Ressaca, maré cheia… O mar avança sobre Santos e risco de perdas até o final do século é grande

Na Ponta da Praia, as evidências do avanço do mar

A inundação de áreas costeiras das zonas sudeste e noroeste de Santos, causada pela combinação da elevação do nível do mar com ressacas, marés meteorológicas e astronômicas e eventos climáticos extremos, pode causar prejuízos acumulados de quase R$ 2 bilhões até 2100 se não forem implementadas medidas de adaptação.


Por Elton Alisson, de Santos, da Agência Fapesp

A estimativa é de um estudo internacional, realizado por pesquisadores do Centro de Monitoramento de Desastres Naturais (Cemaden), dos Institutos Nacional de Pesquisas Espaciais (Inpe) e Geológico (IG) e das Universidades de São Paulo (USP) e Estadual de Campinas (Unicamp), em parceria com colegas da University of South Florida, dos Estados Unidos, do King’s College London, da Inglaterra, além de técnicos da Prefeitura Municipal de Santos.

O estudo faz parte do projeto “Uma estrutura integrada para analisar tomada de decisão local e capacidade adaptativa para mudança ambiental de grande escala: estudos de casos de comunidades no Brasil, Reino Unido e Estados Unidos”, apoiado pela Fundação de Amparo à Pesquisa do Estado de São Paulo (Fapesp), no âmbito de um acordo de cooperação com o Belmont Forum.

Os resultados do estudo foram apresentados em 30 de setembro último a representantes da sociedade civil de Santos.

Durante o encontro, os pesquisadores mostraram às lideranças locais projeções de elevação do nível do mar e de impactos econômicos até 2050 e 2100 nas regiões sudeste e noroeste de Santos – que já têm sido impactadas pelo aumento do nível do mar e atuação de eventos extremos – e discutiram possíveis medidas de adaptação para minimizar os riscos.

“Não é preciso esperar 20 ou 30 anos para sentir os efeitos da elevação do nível do mar.

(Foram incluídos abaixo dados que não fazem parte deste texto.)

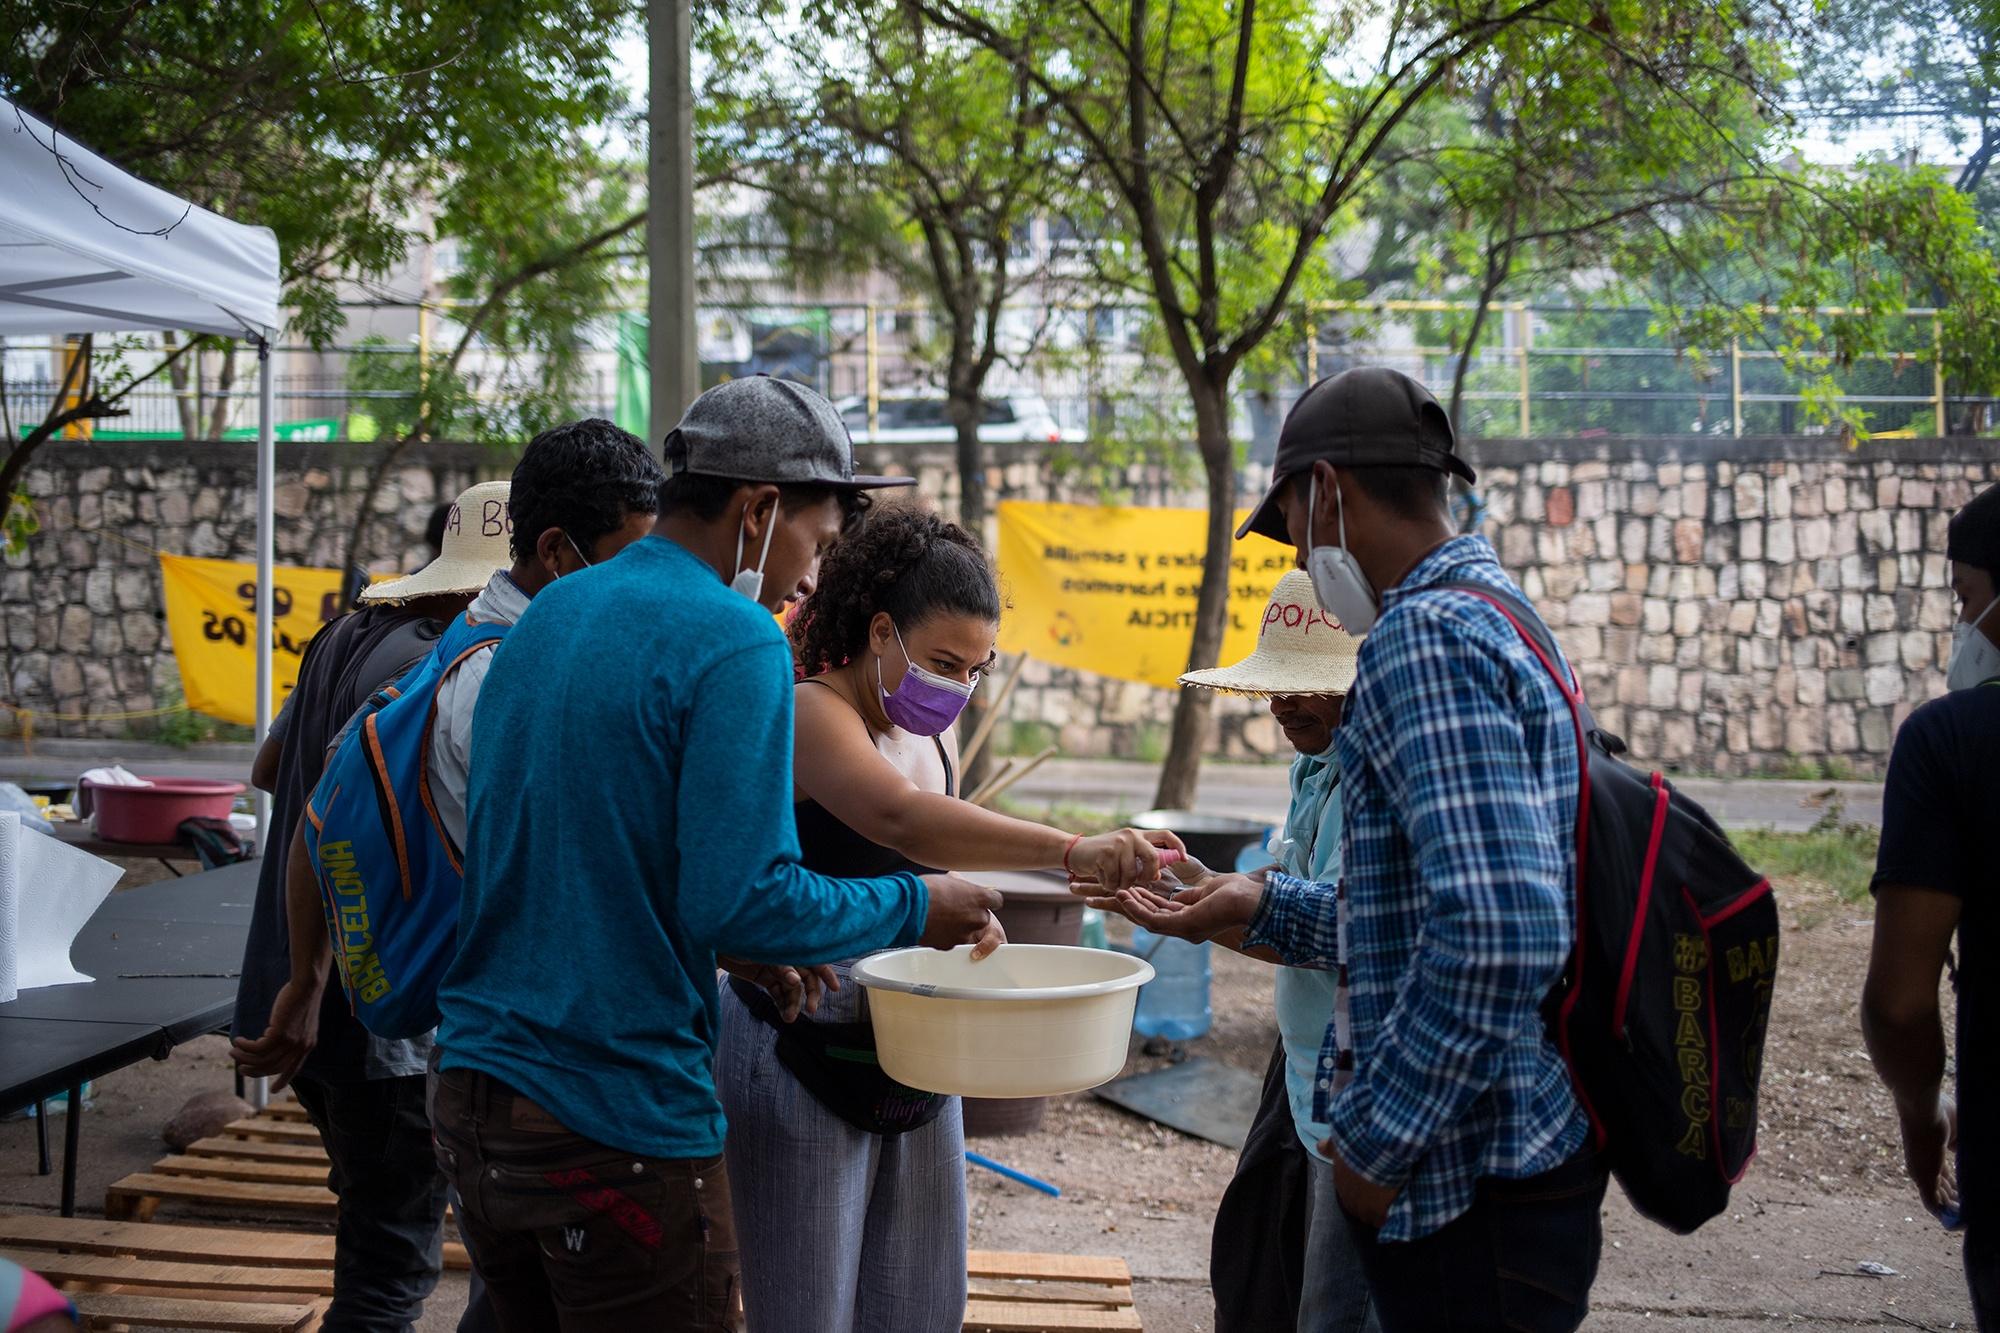 Lucía Enamorado, de la Red Nacional de Defensoras de Derechos Humanos en Honduras, ayuda a repartir comida durante el Campamento Feminista Viva Berta. Tegucigalpa, 17 de mayo de 2021. Foto: Martín Cálix.

É possível implementar agora medidas de adaptação para minimizar os potenciais danos econômicos”, disse José Marengo, pesquisador titular do Cemaden e coordenador do projeto do lado do Brasil, à Agência Fapesp.

Os pesquisadores constataram por meio de dados sobre mudanças no nível do mar em Santos – obtidos por marégrafos na região no período entre 1945 e 1990 e por altimetria de satélite entre 1993 e 2013 –, que ele aumentou, em média, 3 milímetros nos últimos anos na cidade.

Com base nessa constatação, os pesquisadores estimaram que o nível do mar na cidade pode aumentar entre 18 e 30 centímetros até 2050 e entre 36 centímetros e 1 metro em 2100.

A combinação dessa elevação  com uma sobrelevação causada por uma ressaca forte (ondas elevadas e maré meteorológica) e numa fase de maré de sigízia (maré astronômica de maior amplitude, que ocorre durante as luas cheia e nova, quando o Sol e a Lua estão alinhados em relação à Terra e há maior atração gravitacional), pode resultar em um rápido aumento do nível do mar em Santos de 90 centímetros até 2050 e 95 cm até 2100.

Nessas condições, as regiões sudeste e noroeste de Santos seriam ainda mais inundadas pelo mar e haveria maior erosão da praia.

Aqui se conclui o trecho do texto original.